Each topology has pros and cons, and may be better suited to a particular application. For example, toroid and hypercube topologies favor intra-node, east-west traffic, but are terrible for north-south traffic. Toroid networks are in fact being utilized by some vendors, especially in the High Performance Computing (HPC) space. While a fuller discussion of alternative topologies is no doubt interesting to network engineers and architects trying to optimize the network to their applications, it is beyond the scope of the present document.

As of this writing, customers by and large gravitate to 3-stage Clos'es since they represent an acceptable balance of east-west vs north-south capability, implementation cost and complexity, number of cables and optics needed, and ease of operating. It goes without saying that Clos topologies are very well understood since they've been in use, such as in ASICs, for around 60 years and the theory is well developed as compared to more exotic topologies.

How a Clos Architecture Addresses Customer Concerns

The lab topology is based on a standard 3-stage folded Clos arrangement (Figure 1-20) . Leafs are N3064s and Spine devices are N7ks. Inter-Leaf bandwidth is 2.5Tbps, and Leaf to the outside world (Border) is 640Gbps. 4 Leafs, leaf-{r17-r20} are dedicated for Border functionality, br-leaf-{r1-r4}. For this phase of testing Border Leafs are merely injecting default route.
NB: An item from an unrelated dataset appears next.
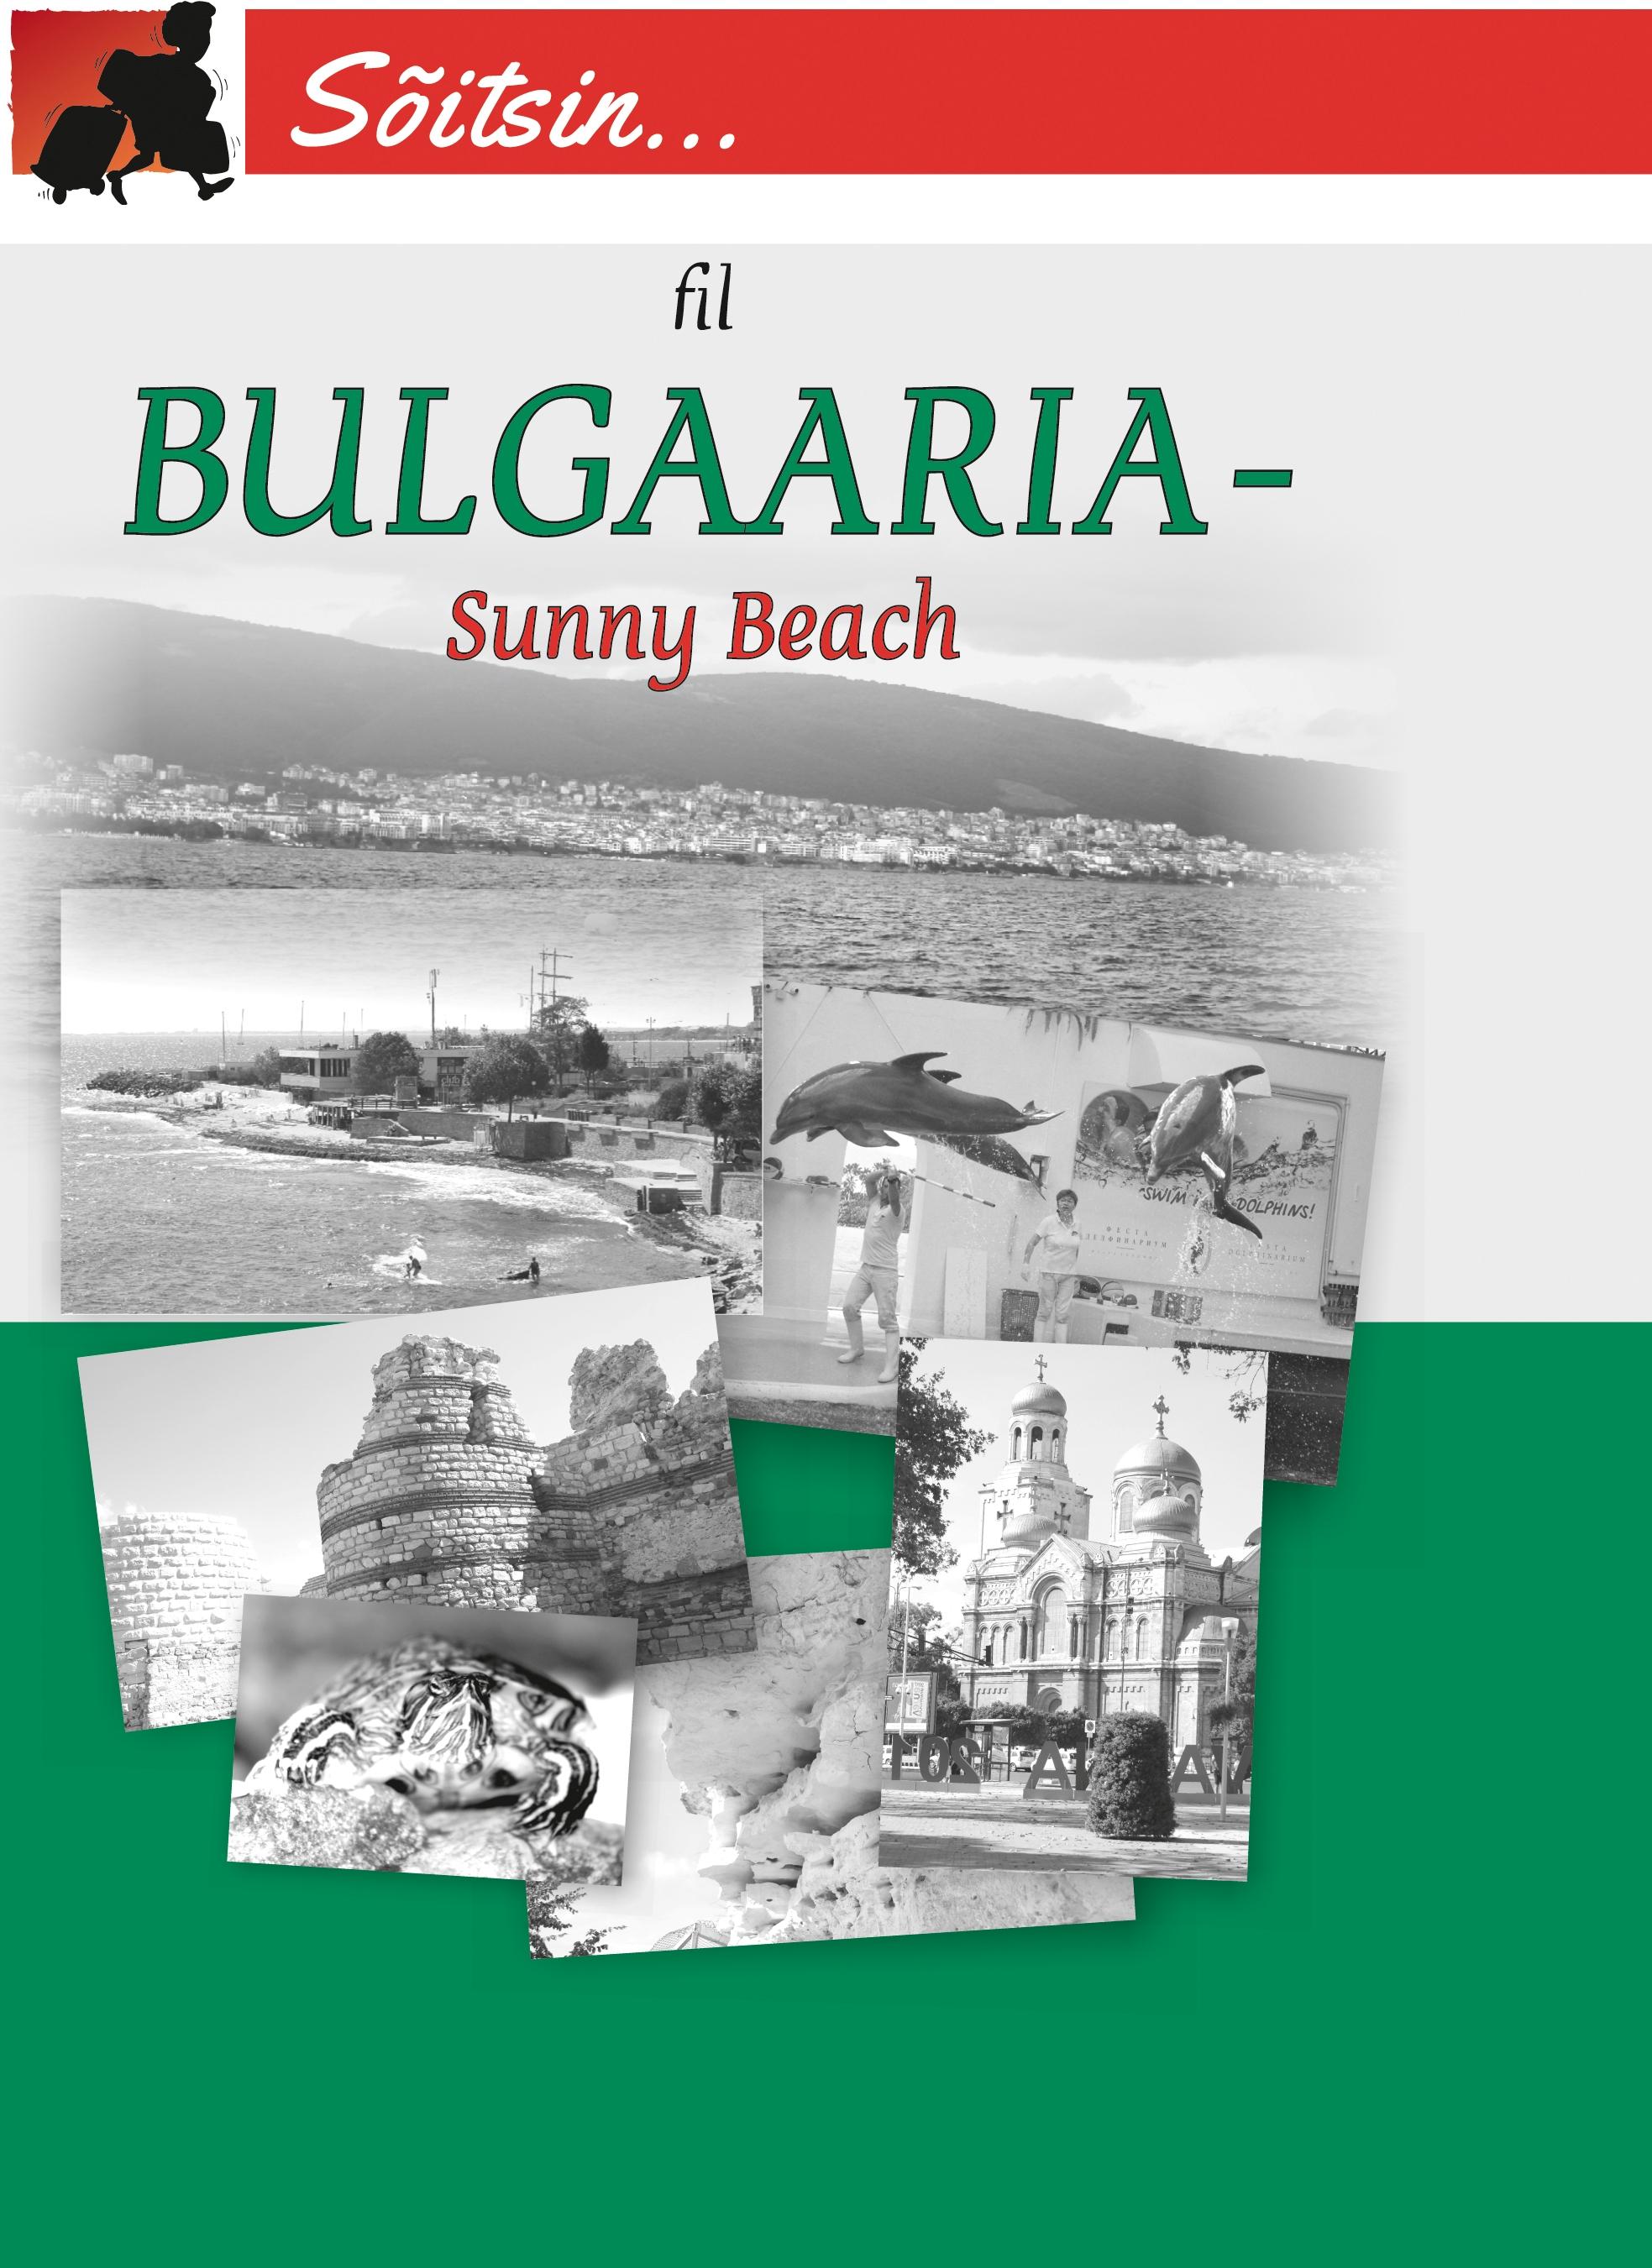 BULGAARIA - SUNNY BEACH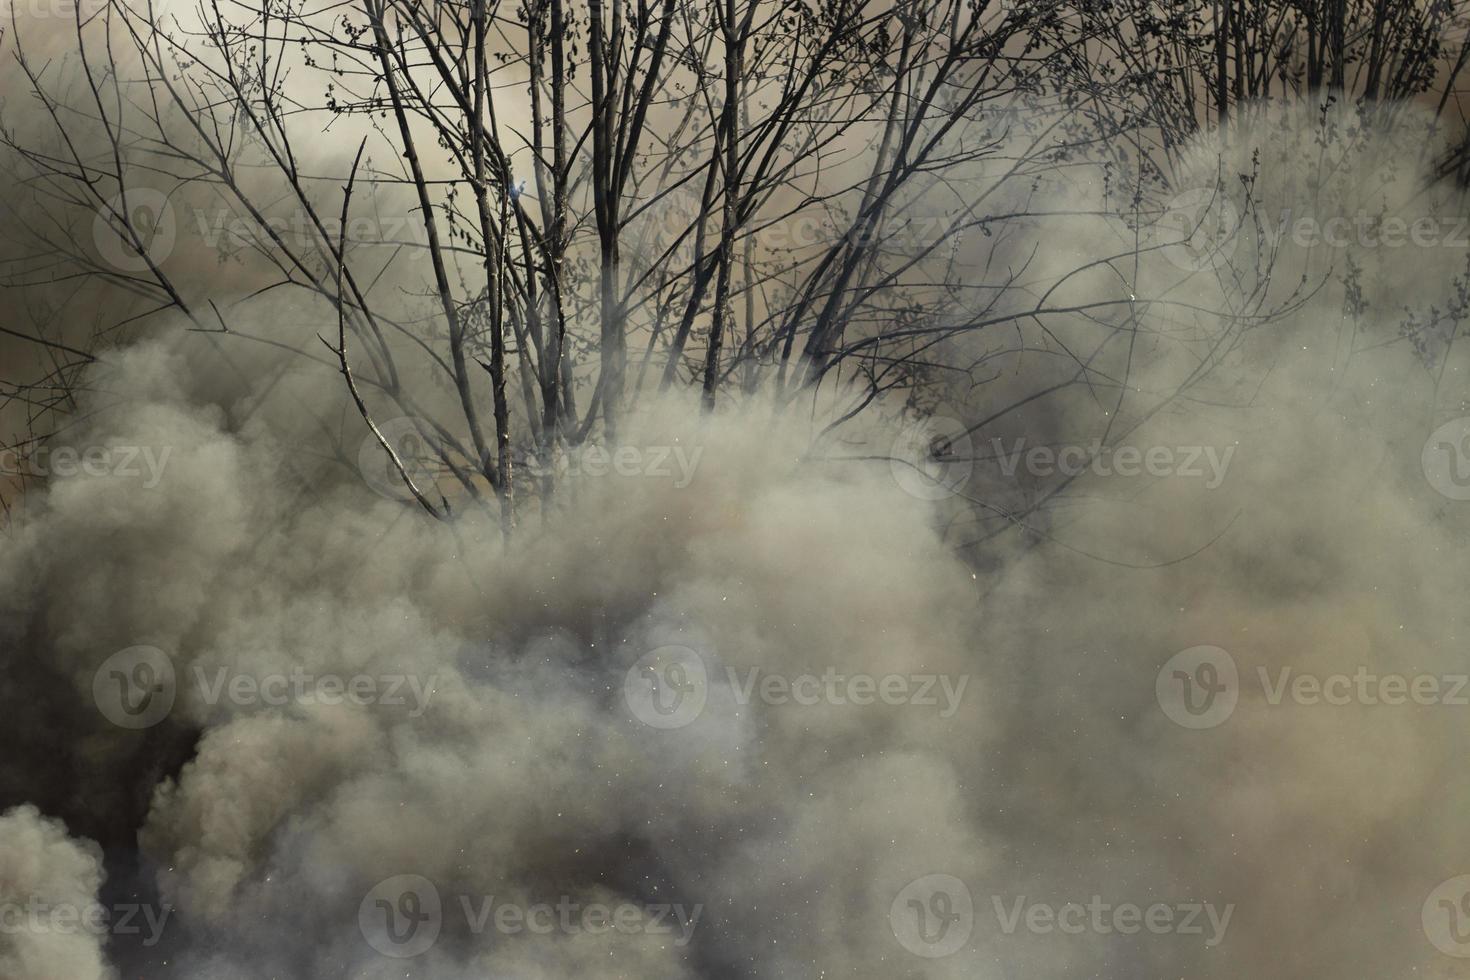 fuego en la calle. humo y fuego. el vertedero está ardiendo. peligros ambientales. foto

Servers are attached directly to the Leaf layer, along with test instrumentation hardware such as IXIA. In order to create additional end-host nodes for the purpose of TCP testing, as well as to enable greater flexibility in subnetting arrangements, KVM VMs are configured across the server fleet.

Figure 1-20 SDU MSDC Test Topology

Refer to the bullet points in the "Design Tenets" section, to see how this type of topology can be use to meet those needs.


Low-cost platforms for the Leaf, such as N3064, are based on commodity switching chipsets. For the Spine, F2 linecards on N7K are used. F2 is a higher density, high performance linecard with a smaller feature set than that of the M-series.


The testing did not focus as much on power as in the other areas of concern.


This area was of greatest concern when considering a MSDC topology for the lab. Utilizing the 3-stage folded Clos design afforded 2.5Tbps of east-west bandwidth, with each Leaf equally getting 160Gbps of the total.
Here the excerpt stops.